■ Task to complete ■
What you should give back is a precise copy of the lines below from the one containing "2022年广州体育学院舞蹈学" through the one containing "3D illustration of human skeleton", with no pictures.

■ Data supplied ■
········

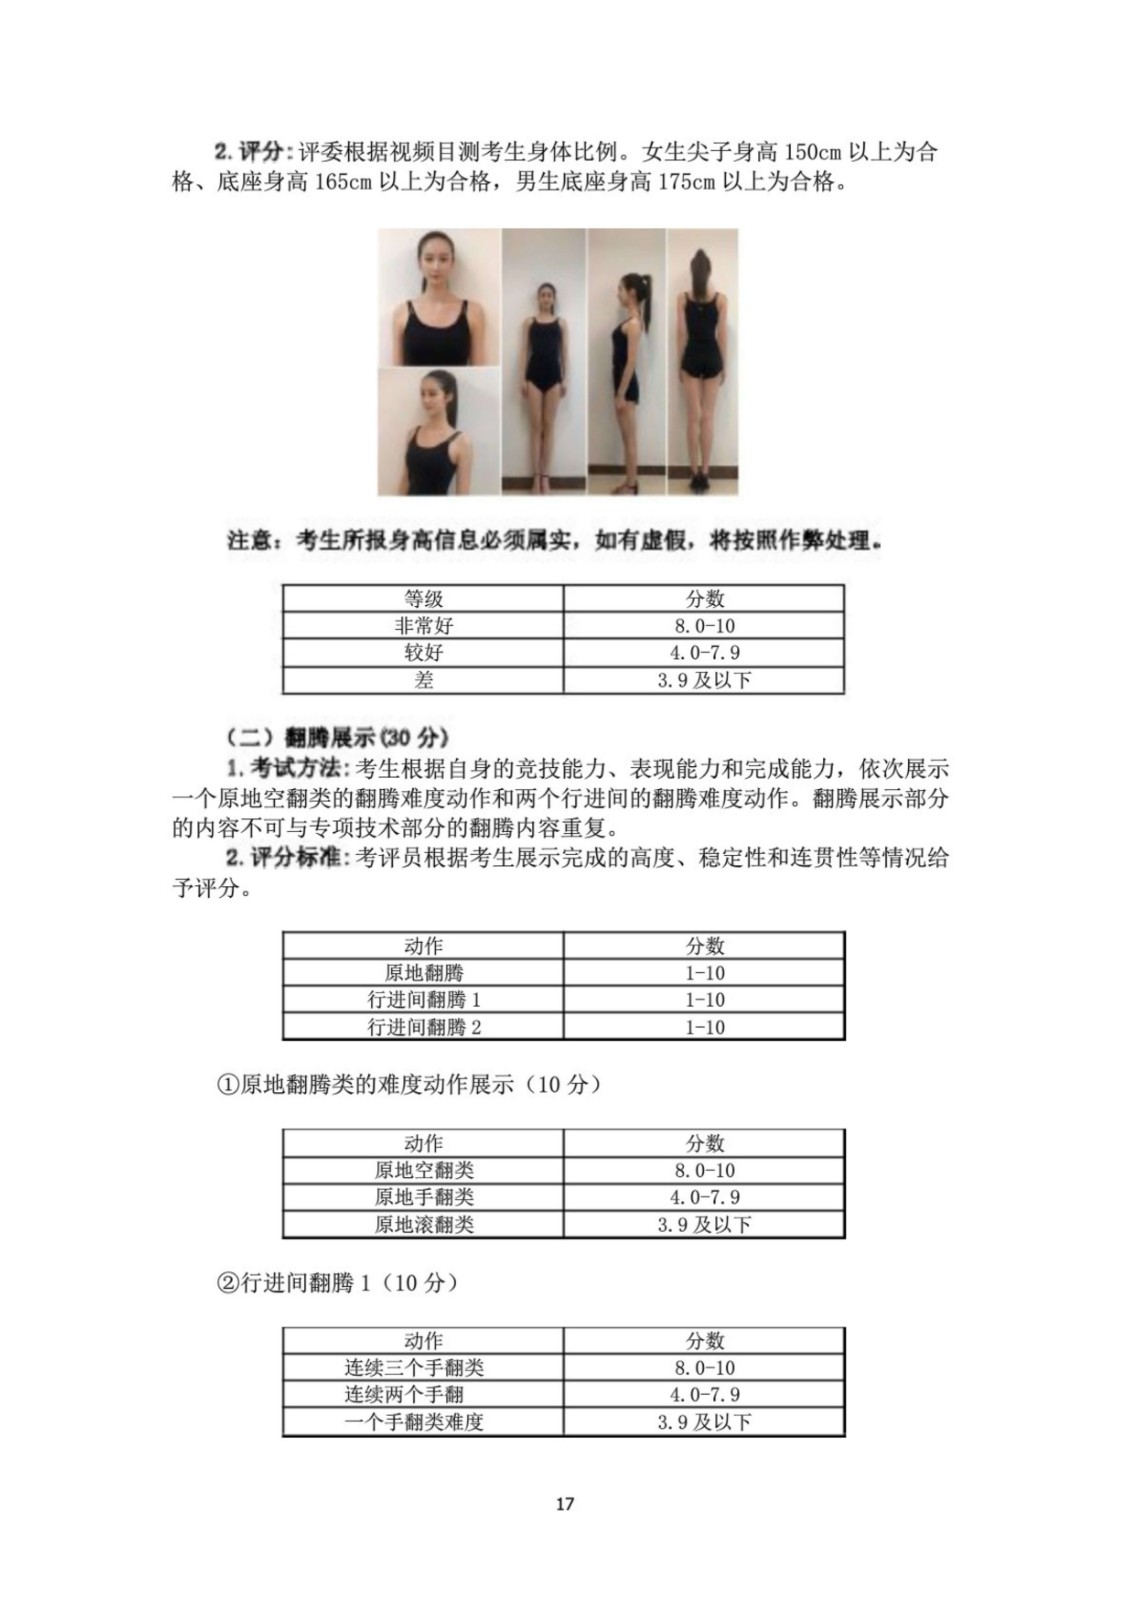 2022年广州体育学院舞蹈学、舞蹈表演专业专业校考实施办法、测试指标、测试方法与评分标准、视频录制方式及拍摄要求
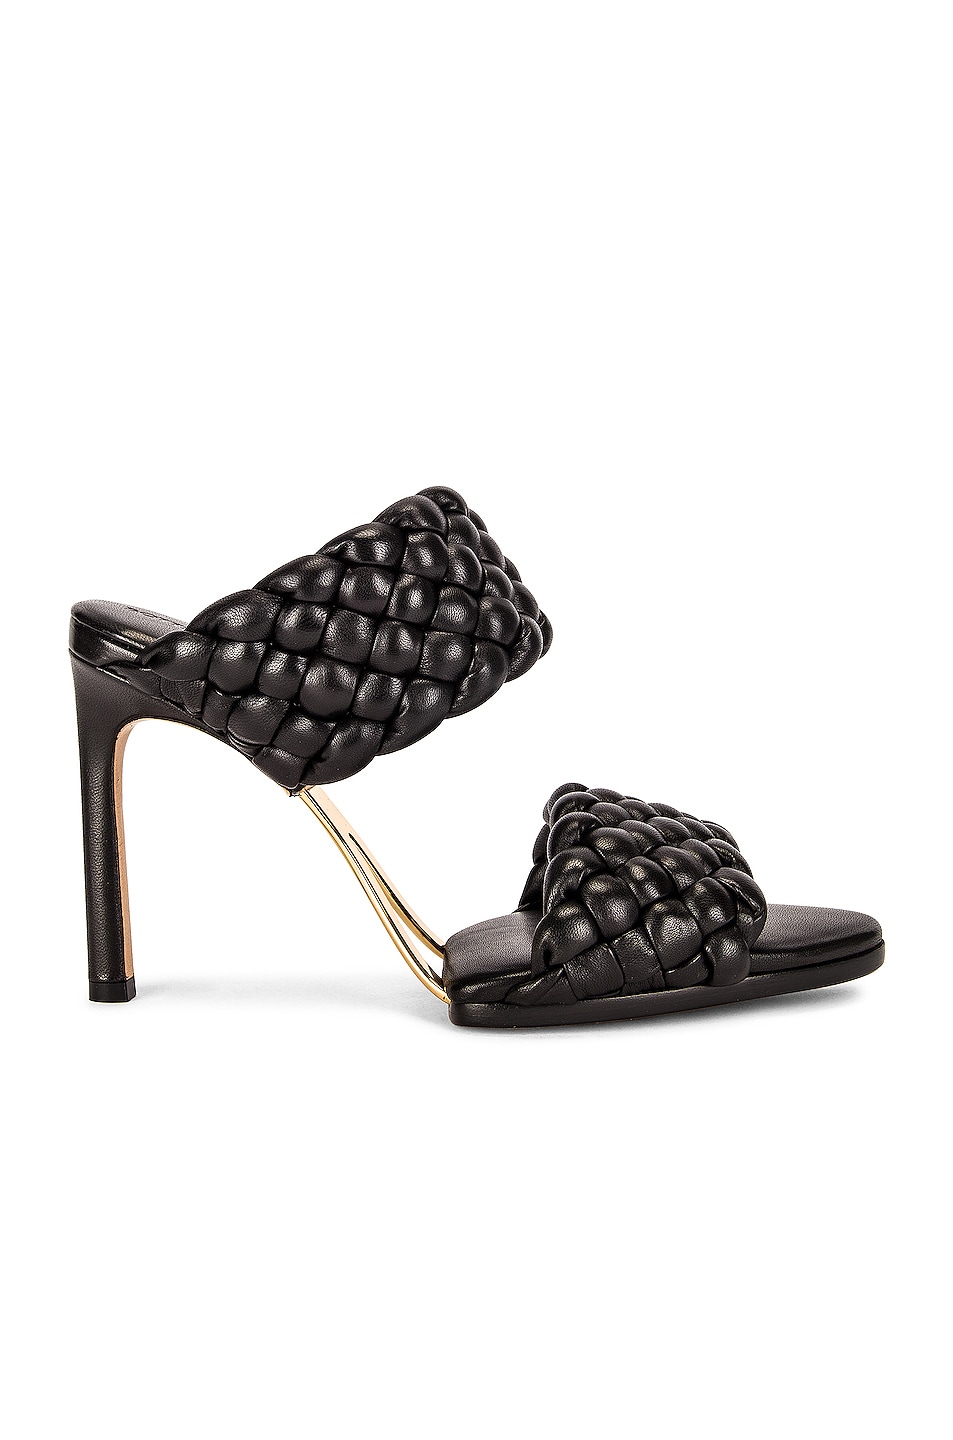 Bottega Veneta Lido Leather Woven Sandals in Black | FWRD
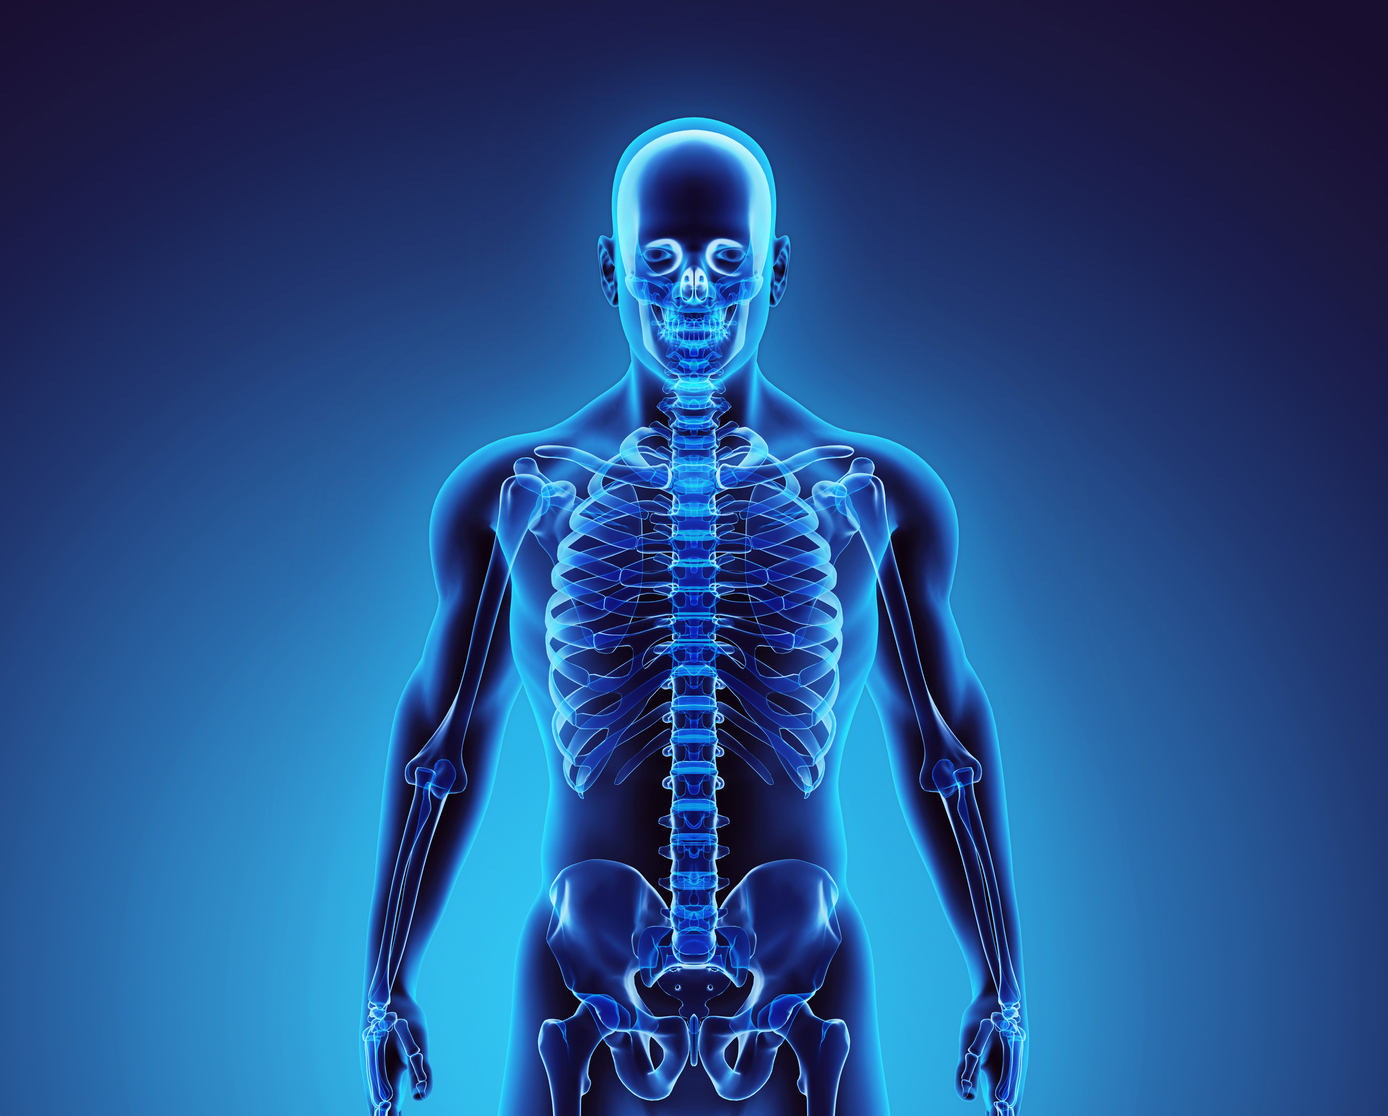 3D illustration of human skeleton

········

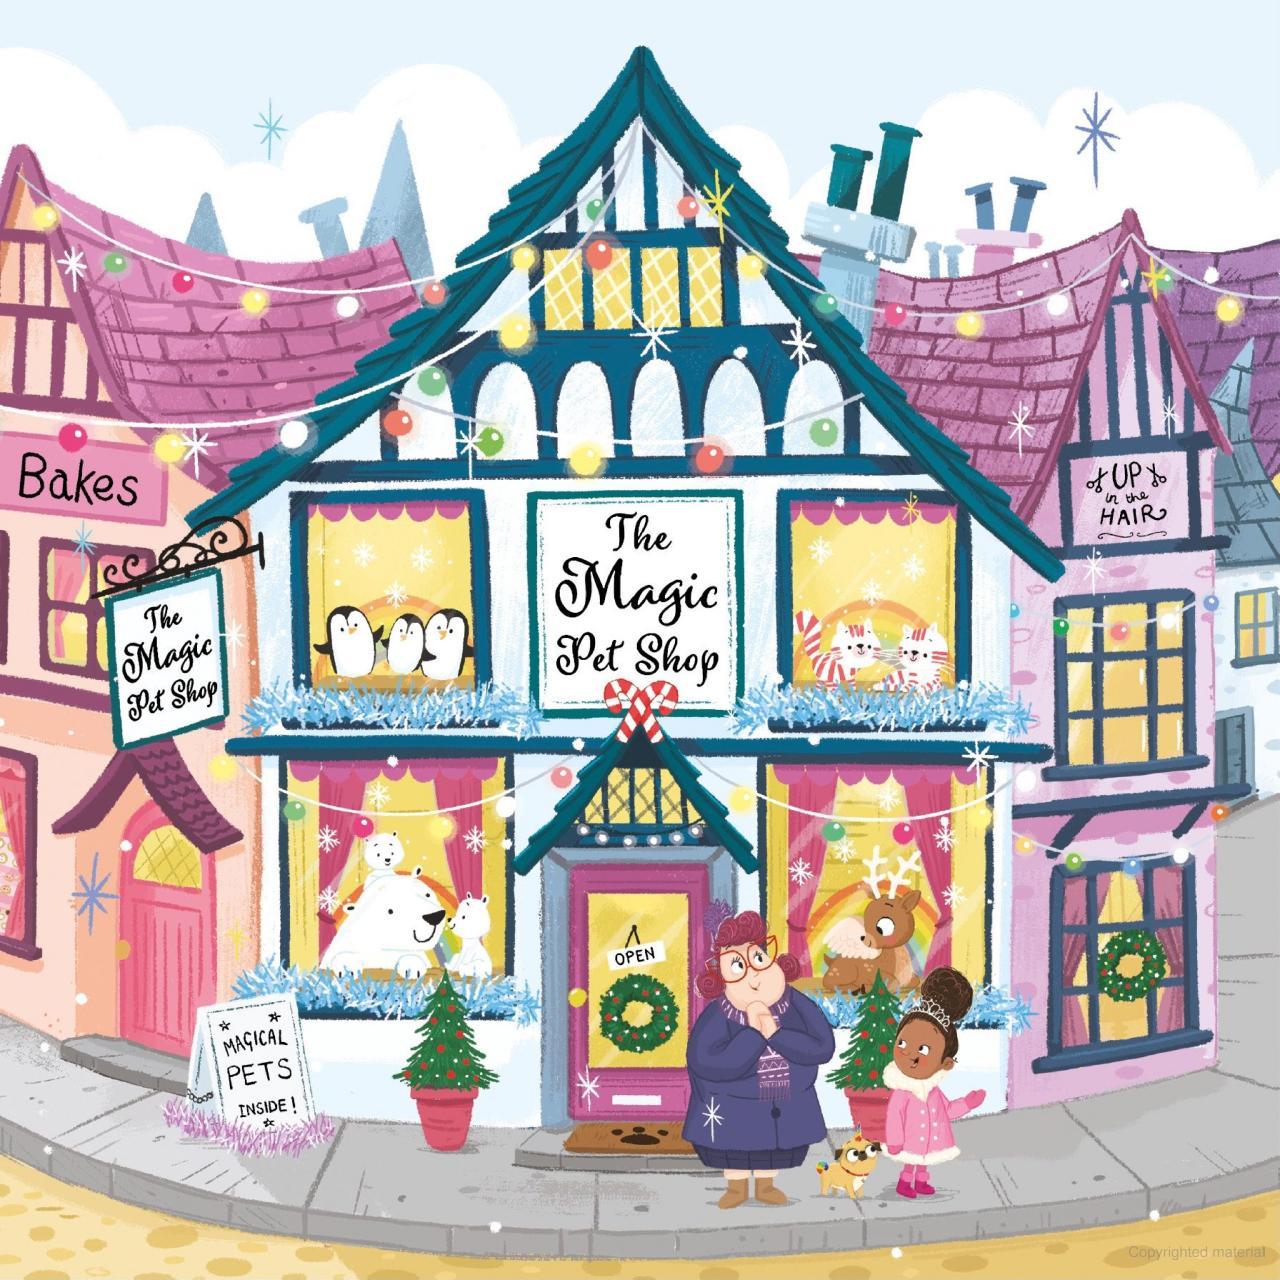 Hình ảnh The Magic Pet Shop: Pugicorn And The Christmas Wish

········

■ Answer below ■
 2022年广州体育学院舞蹈学、舞蹈表演专业专业校考实施办法、测试指标、测试方法与评分标准、视频录制方式及拍摄要求
 Bottega Veneta Lido Leather Woven Sandals in Black | FWRD
 3D illustration of human skeleton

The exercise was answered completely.